Lana Turner and Johnny Stompanato - Hollywood Homicide

Plan B

Mickey Cohen (CORBIS)
Mickey Cohen
(CORBIS)
Mickey Cohen identified Johnny Stompanato's body, and the former Marine was shipped home and buried with full military honors in Illinois. Then Mickey fell back and regrouped. He knew all about Lana Turner and Johnny Stompanato. In fact, he was the one who helped Johnny gain access to Lana and the muscle behind Stompanato's uncanny ability to know where Lana was and where she was heading. He bankrolled Stompanato's seduction of Lana, not because he was interested in playing Cupid, but because he wanted to use Lana for his own purposes.

She was rich and powerful and he intended to blackmail her. Johnny Stompanato was the one who would help put the plan in place.

"I can't understand it," Mickey told the press, which was all over him. "I thought she liked him very much. We were happy Cheryl and Johnny and me. We used to go horseback riding together."

Then, after he went to the morgue to retrieve Johnny's body, he talked to the press again.

"I don't like the whole thing," he said. "There's lots of unanswered questions ... I'm going to find some of those answers no matter what happens."

Weeks after the homicide, one of Lana's attorneys stopped by the house with a package. Inside was a series of negatives showing a naked, sleeping Lana Turner. Johnny had taken them.

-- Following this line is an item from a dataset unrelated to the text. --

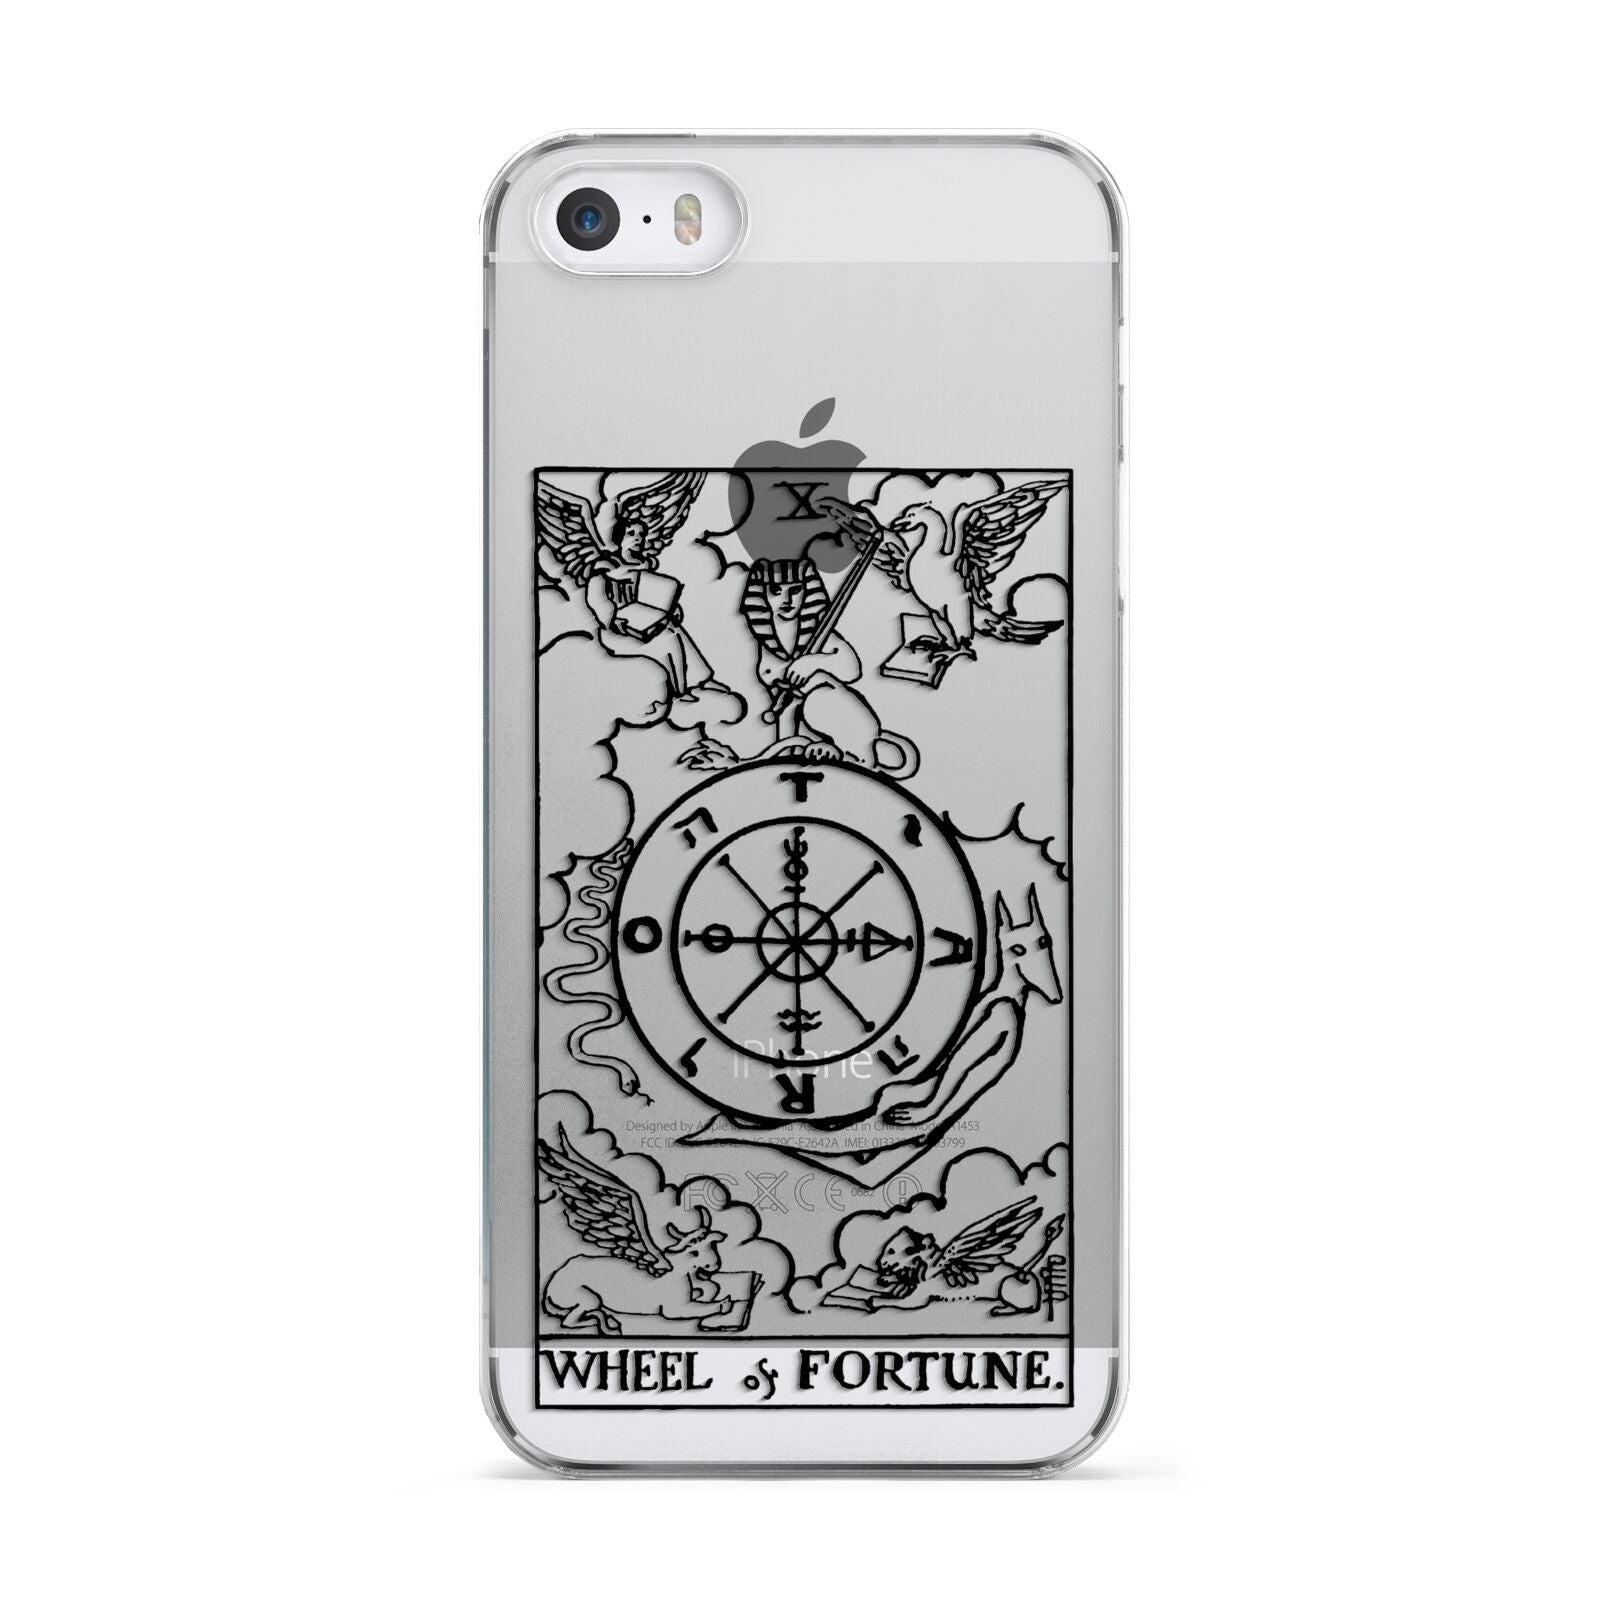 Wheel of Fortune Monochrome Tarot Card Apple iPhone 5 Case

"He had asked her [Lana's maid] to keep [them] for him just before he met me in England," Lana wrote. "He told Arminda that the contents were extremely valuable to him, and that she should keep it safe until he came to reclaim it."

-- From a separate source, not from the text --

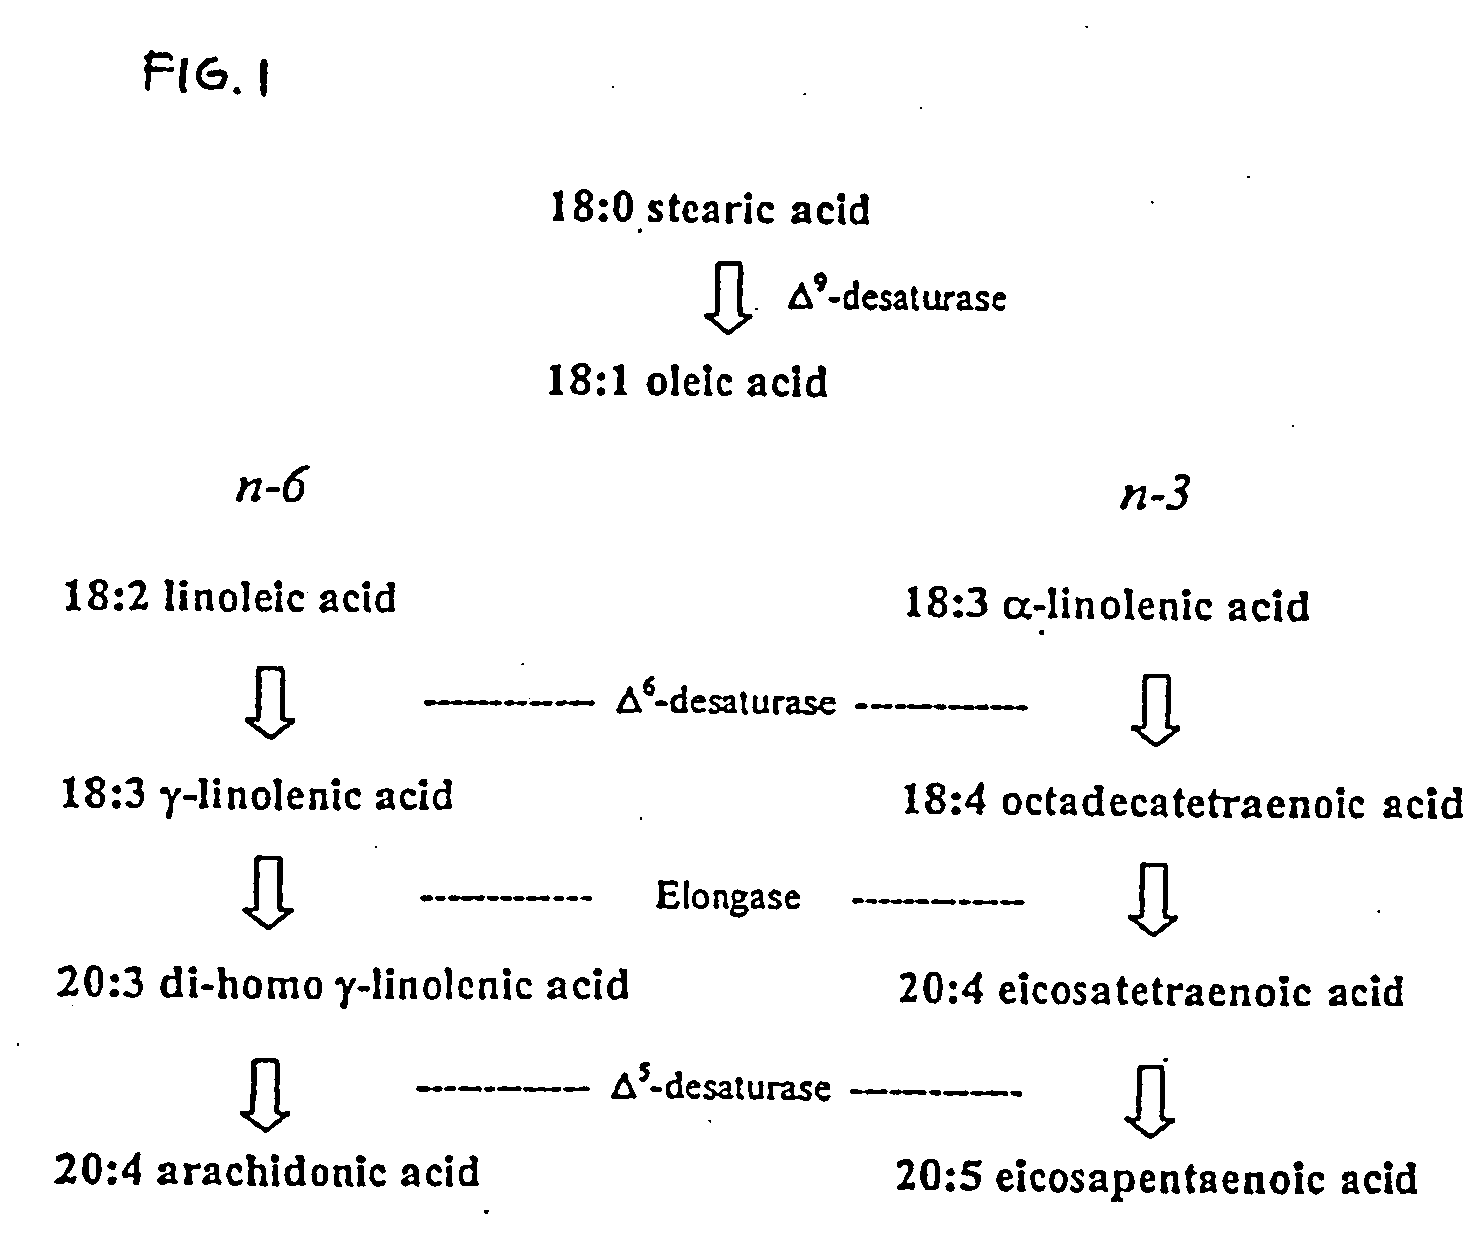 Method for producing arachidonic acid in transgenic organisms

Other negatives in the roll showed Johnny having sex with another woman.

With a few darkroom tricks, "he could hold them over you for blackmail," Lana's attorney said. Together, they destroyed the negatives and burned them. They flushed the ashes down the toilet.

Mickey wasn't finished yet. The blackmail plan had fallen through, but Mickey knew that Stompanato had kept the love letters he and Lana had exchanged. Cohen dispatched one of his hoods to break into Johnny's apartment and steal them. Then he leaked them to the press. If he wasn't going to make money off Lana Turner, he was damned sure going to arrange it so that she was finished in Hollywood.

The Los Angeles Herald Examiner was the first to break the story, and two days before the inquest they reprinted every word of Johnny's letters to Lana and hers back to him. The letters provided an intimate look at Lana and Johnny's relationship, from steamy early letters talking of "our love, our hopes, our dreams, our sex and longings" (Lana to Johnny) to her pleas for space later on.

"You must let me alone in my 'own world' for a while, to rest, think, rest, think," she wrote to Johnny.

Cohen freely admitted that he leaked the letters.

"I thought it was fair to show that Johnny wasn't exactly 'unwelcome company' like Lana said," he told the Herald Examiner.